Senior Director, AI and Data Science (Drug Discovery and R&D Enablement)
Scorpion Therapeutics, New York, NY, United States
Key Responsibilities
AI/ML Strategy + Delivery
- Define and execute Lexeo’s applied AI/ML roadmap across discovery and development, prioritizing use cases that improve speed, quality, and decision confidence.
- Deliver solutions that are internal-only (e.g., scientific decision support, operational forecasting) and those that are generated internally but external-facing (e.g., partner‑ready analyses (regulatory dossiers, briefing books, protocols etc.), validated dashboards, and decision materials).
- Establish best practices for model lifecycle management (validation, documentation, monitoring, retraining), especially where outputs influence scientific decisions or regulated workflows.
Advanced Analytics + Predictive Modeling
- Lead development and selection of appropriate ML approaches (e.g., XGBoost, Random Forest, SVMs, and other advanced models) based on problem framing, data constraints, interpretability needs, and deployment context.
- Build and oversee predictive analytics using real‑world data, including robust evaluation design, bias/variance trade‑offs, and performance monitoring.
Small Data Excellence + Synthetic Controls
- Apply techniques to amplify signal‑to‑noise in smaller datasets (e.g., regularization, Bayesian methods, hierarchical modeling, augmentation, multimodal integration, careful feature engineering, uncertainty quantification).
- Guide strategy for synthetic control arms and comparable approaches (as appropriate), ensuring methodological rigor, transparency, and fit‑for‑purpose use in decision‑making.
Drug Discovery / Translational Partnership
- Translate drug discovery and translational questions into testable analytical hypotheses; partner with bench scientists to design data capture that enables strong modeling.
- Serve as a bridge between scientific teams and data/engineering, ensuring solutions are scientifically credible and operationally adoptable.
Cross‑functional Enablement + Platform Integration
- Partner with stakeholders across R&D, CMC, Clinical, Safety, and IT/Security to implement scalable data pipelines and AI‑enabled workflows.
- Contribute leadership to current and emerging initiatives such as AI workflow automation/database buildouts and analytics agents that leverage enterprise platforms (examples already in motion include CMC AI automation, MaxisAI clinical database/AI efforts, and AI work to ingest historical data into Dataverse/Fabric for agent‑based analysis; integration work such as a Benchling AI API initiative may also be in scope depending on priorities).
External Partner/Vendor Leadership
- Liaise with external partners to evaluate tools, define statements of work, and deliver solutions—while ensuring knowledge transfer and sustainable internal ownership.
Operational Excellence
- Improve internal processes through automation and analytics, focusing on measurable impact (cycle time, error reduction, throughput, decision latency).
- Establish practical governance for data quality, documentation, and fit‑for‑use standards aligned with the realities of biopharma environments (including where regulated practices apply).
What Success Looks like (First 6‑12 Months)
- A prioritized AI/analytics roadmap tied to measurable R&D outcomes; clear ownership and delivery cadence.
- 2‑4 production‑grade analytics solutions adopted by teams (internal and/or external‑facing outputs as needed).
- A repeatable approach for small datasets and high‑noise signals; documented modeling standards and review practices.
- Strong partner engagement model: vendors/partners used strategically, with internal capability building and durable outcomes.
Required Skills and Qualifications
- Advanced degree in a quantitative or scientific discipline (PhD strongly preferred; MS with exceptional experience considered).
- 10+ years of relevant experience across applied data science/ML in life sciences/biopharma (or adjacent domain with direct drug discovery translation), including 5+ years leading teams and influencing senior stakeholders.
- Deep familiarity with advanced ML methods (including XGBoost, Random Forest, SVMs) and the judgment to select and justify the right tool for the job.
- Demonstrated experience building predictive models with real‑world, imperfect datasets and delivering them into production or decision workflows.

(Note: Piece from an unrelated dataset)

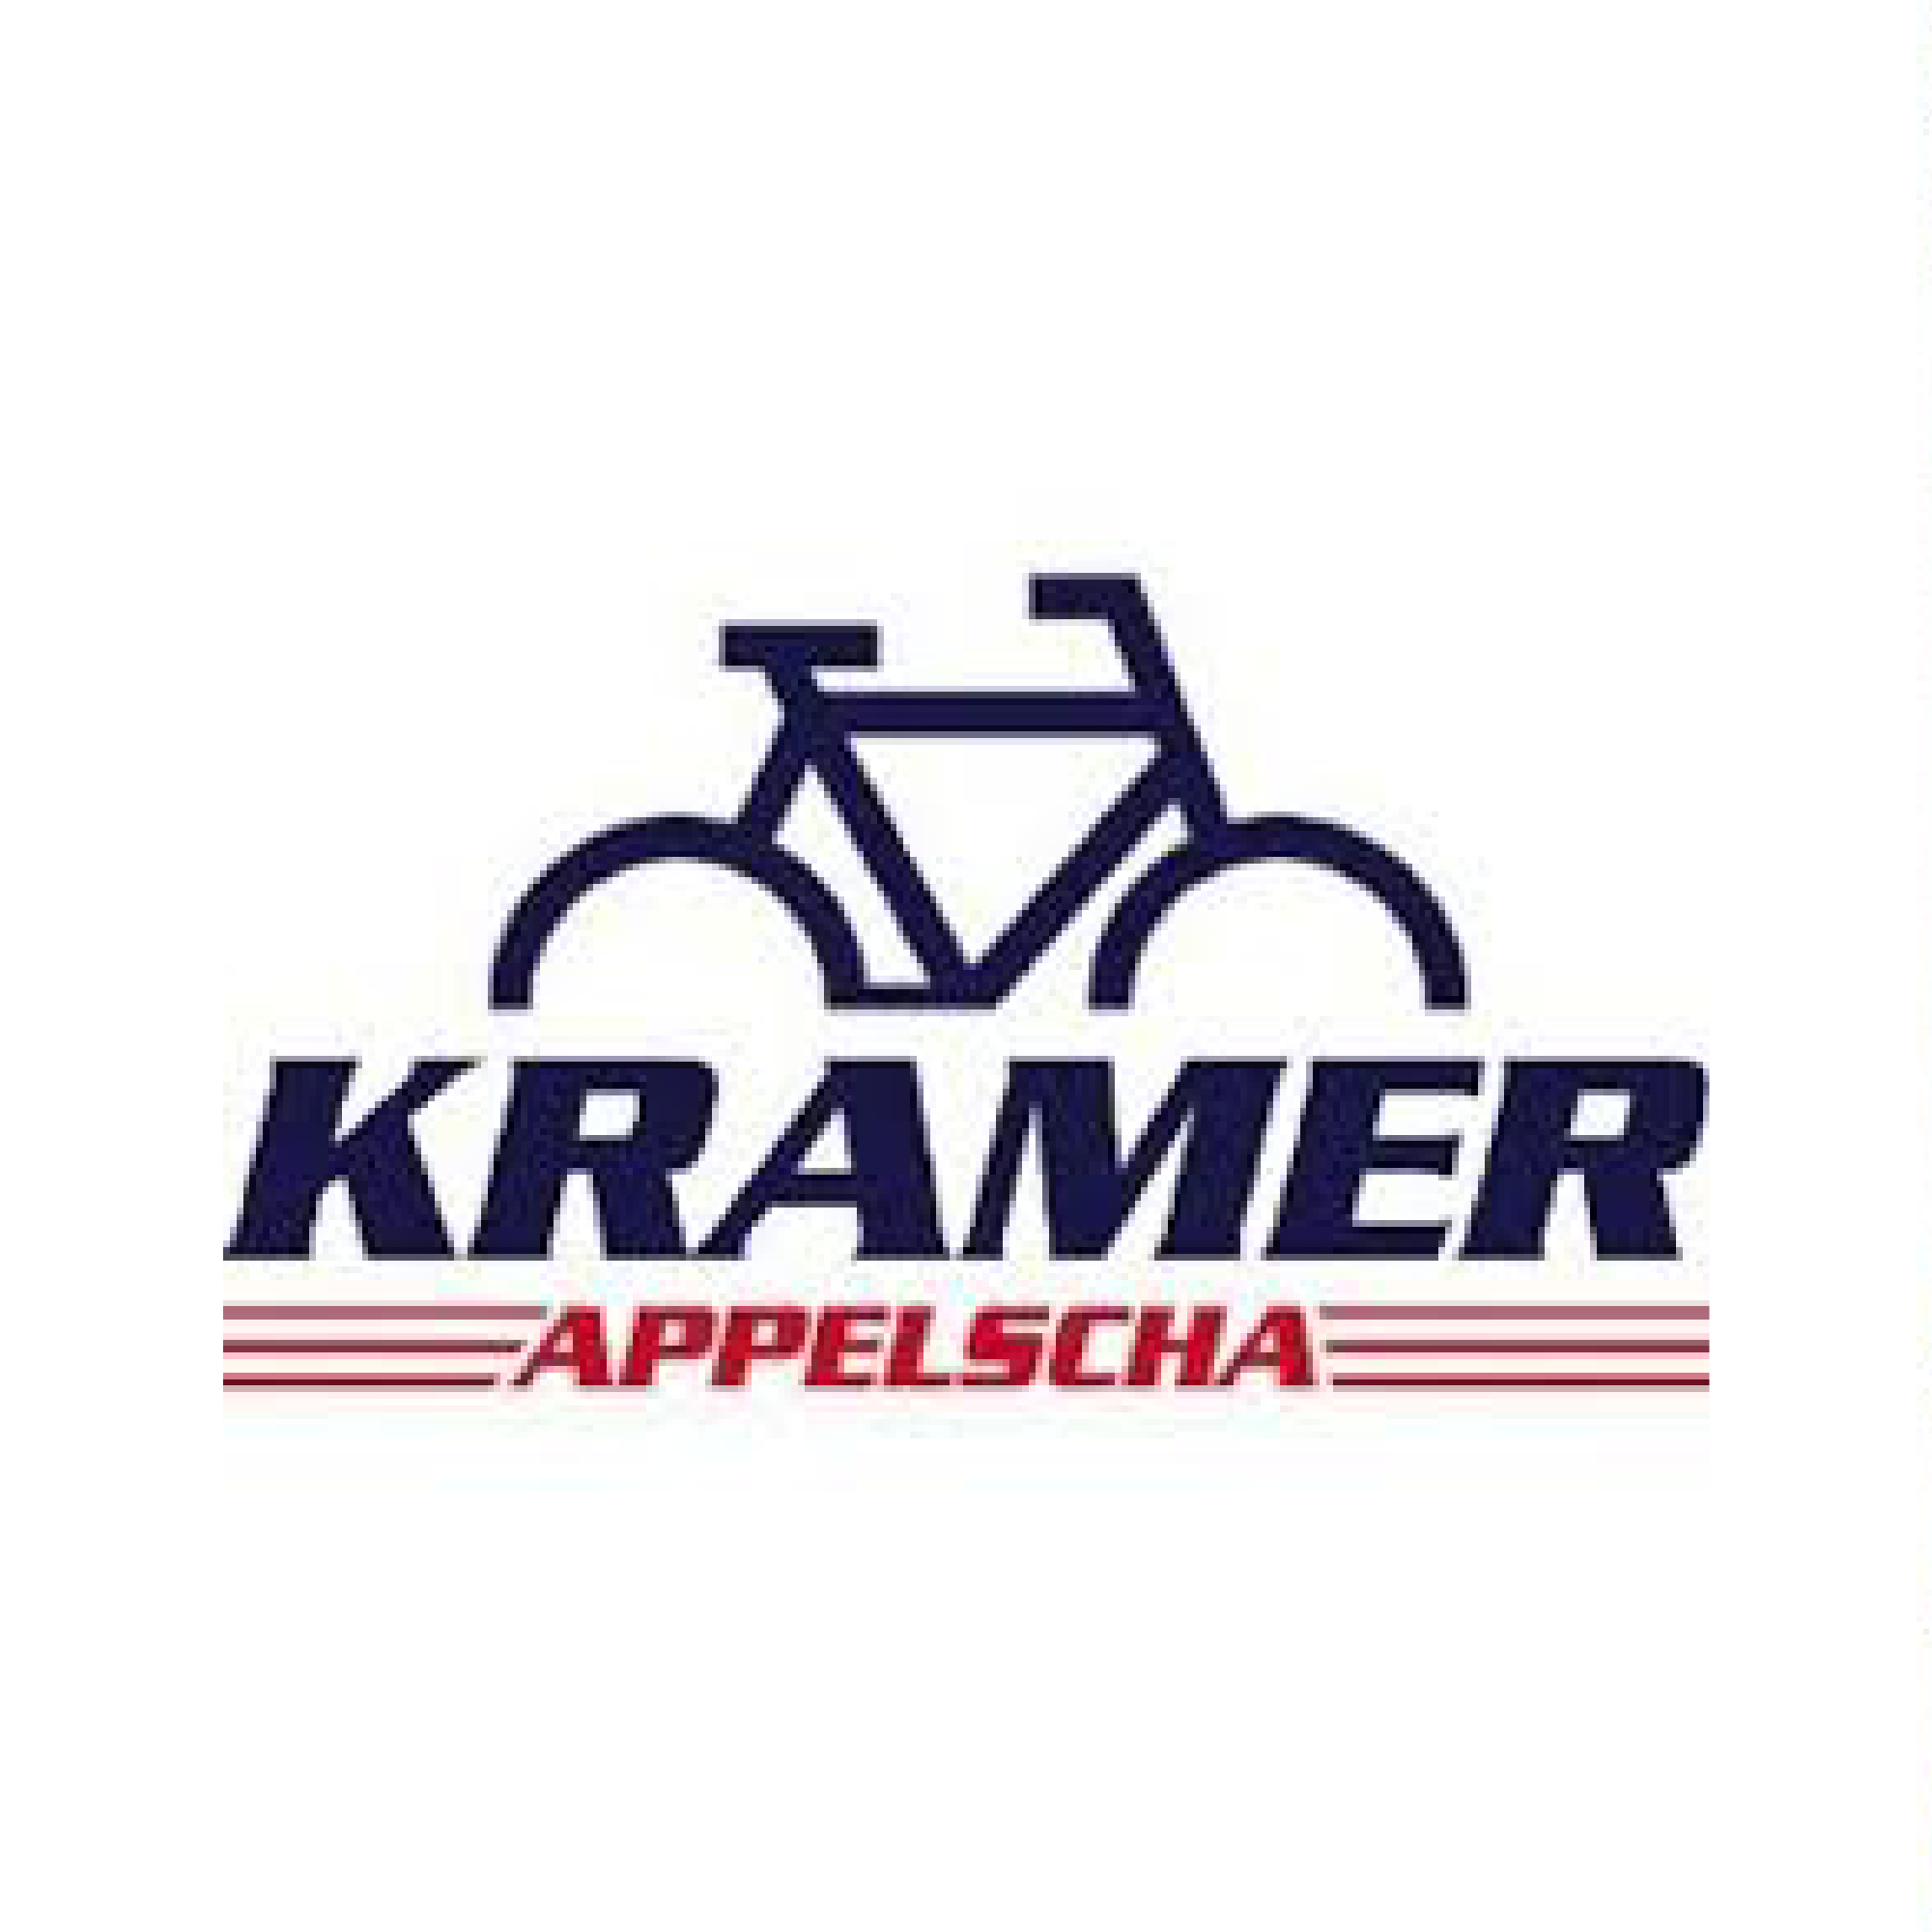 Kramer Appelscha

- Proven ability to improve processes and operationalize analytics—moving beyond prototypes to adoption.
- Strong cross‑functional communication: can partner with scientists, engineers, and executives; can explain model performance and limitations clearly.
Preferred Skills and Qualifications
- Direct experience in drug discovery, translational research, and/or R&D decision support (target ID/validation, MoA, biomarker strategy, preclinical data integration).
- Experience with small data strategies, causality‑aware thinking, and synthetic control arms or closely related methodologies.
- Experience operating in regulated/quality‑sensitive environments and building documentation practices that scale (particularly relevant where validation and traceability are required).
- Familiarity with enterprise data platforms and modern analytics stacks (lakehouse/warehouse patterns, feature stores, MLOps, model monitoring).